Exhibit 10.57
SECOND FORBEARANCE AGREEMENT
THIS SECOND FORBEARANCE AGREEMENT (this “Second Forbearance Agreement”) effective as of April 29, 2009 among AEROGROW INTERNATIONAL, INC., a Nevada corporation (“Borrower”), Jack J. Walker, a Colorado resident (“Guarantor”; Borrower and Guarantor are sometimes referred to herein individually as an “Obligor” and collectively as “Obligors”), and FCC, LLC, d/b/a First Capital, a Florida limited liability company (“Lender”).
WITNESSETH:
WHEREAS, Borrower and Lender are parties to that certain Loan and Security Agreement dated as of June 23, 2008 (as amended, restated or otherwise modified from time to time, the “Loan Agreement”), pursuant to which Lender agreed to extend certain financial accommodations to Borrower; and
WHEREAS, Borrower violated certain financial covenants under the Loan Agreement; and
WHEREAS, on January 31, 2009, Borrower and Lender entered into a Forbearance Agreement (the “First Forbearance Agreement”) in which Lender agreed to temporarily forbear from exercising its rights and remedies under the Loan Agreement, subject to Borrower’s compliance with certain terms and conditions; and
WHEREAS, Borrower failed to comply with Section 6(f) of the First Forbearance Agreement; and
WHEREAS, as a result of Borrower’s failure to comply with the First Forbearance Agreement, Lender has the right, as set forth in the First Forbearance Agreement, the Loan Agreement and the other Loan Documents, to immediately exercise all of its rights and remedies with respect to the Collateral, Borrower and Guarantors, all without notice to Borrower, Guarantors or any other Person; and
WHEREAS, Obligors have asked Lender to temporarily forbear from exercising its rights and remedies with respect to the defaults described above, as more particularly described herein; and
WHEREAS, Lender is willing to grant such temporary forbearance, subject to the terms and conditions set forth herein; and
WHEREAS, Borrower and Lender desire to temporarily amend the Loan Agreement and the First Forbearance Agreement as set forth herein.

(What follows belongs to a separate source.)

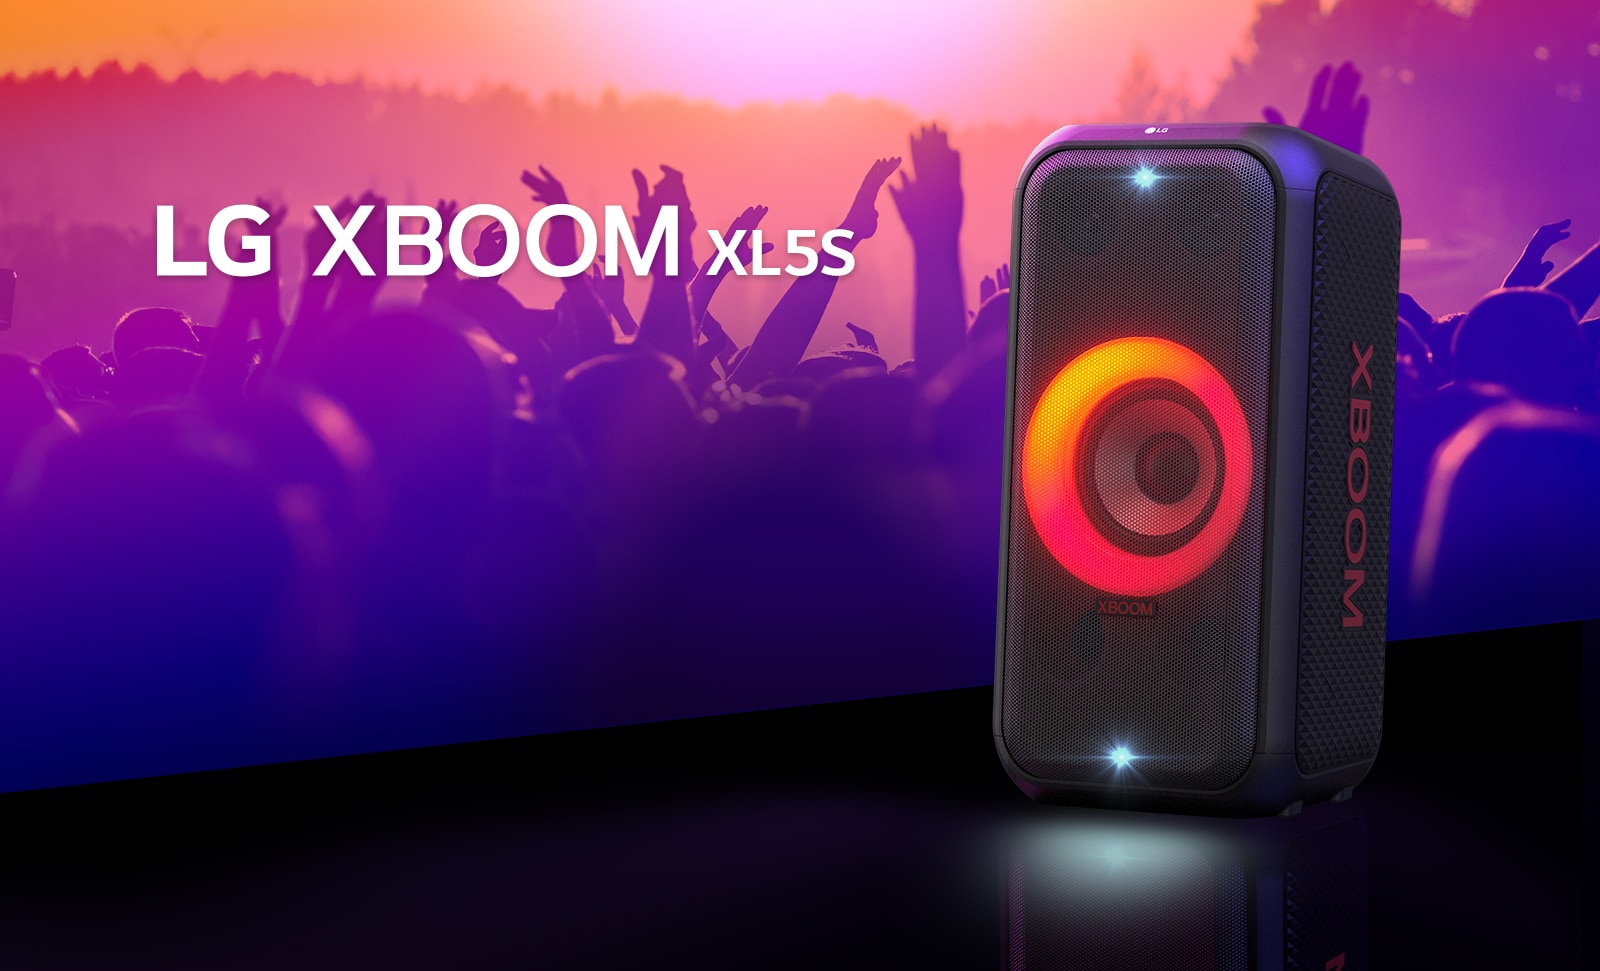 LG XBOOM XL5S se coloca en el escenario con una iluminación degradada de rojo a naranja encendida. Detrás del escenario, la gente disfruta de la música.

NOW, THEREFORE, in consideration of the foregoing premises, and other good and valuable consideration, the receipt and legal sufficiency of which are hereby acknowledged, the parties hereto hereby agree as follows:
1. All capitalized terms used herein and not otherwise expressly defined herein shall have the respective meanings given to such terms in the Loan Agreement.
2. Borrower acknowledges and agrees that (i) Borrower has failed to comply with Section 6(f) of the First Forbearance Agreement, and (ii) the foregoing failure to comply with the First Forbearance Agreement constitutes a Default under the Loan Agreement and is referred to herein as the “Existing Default.”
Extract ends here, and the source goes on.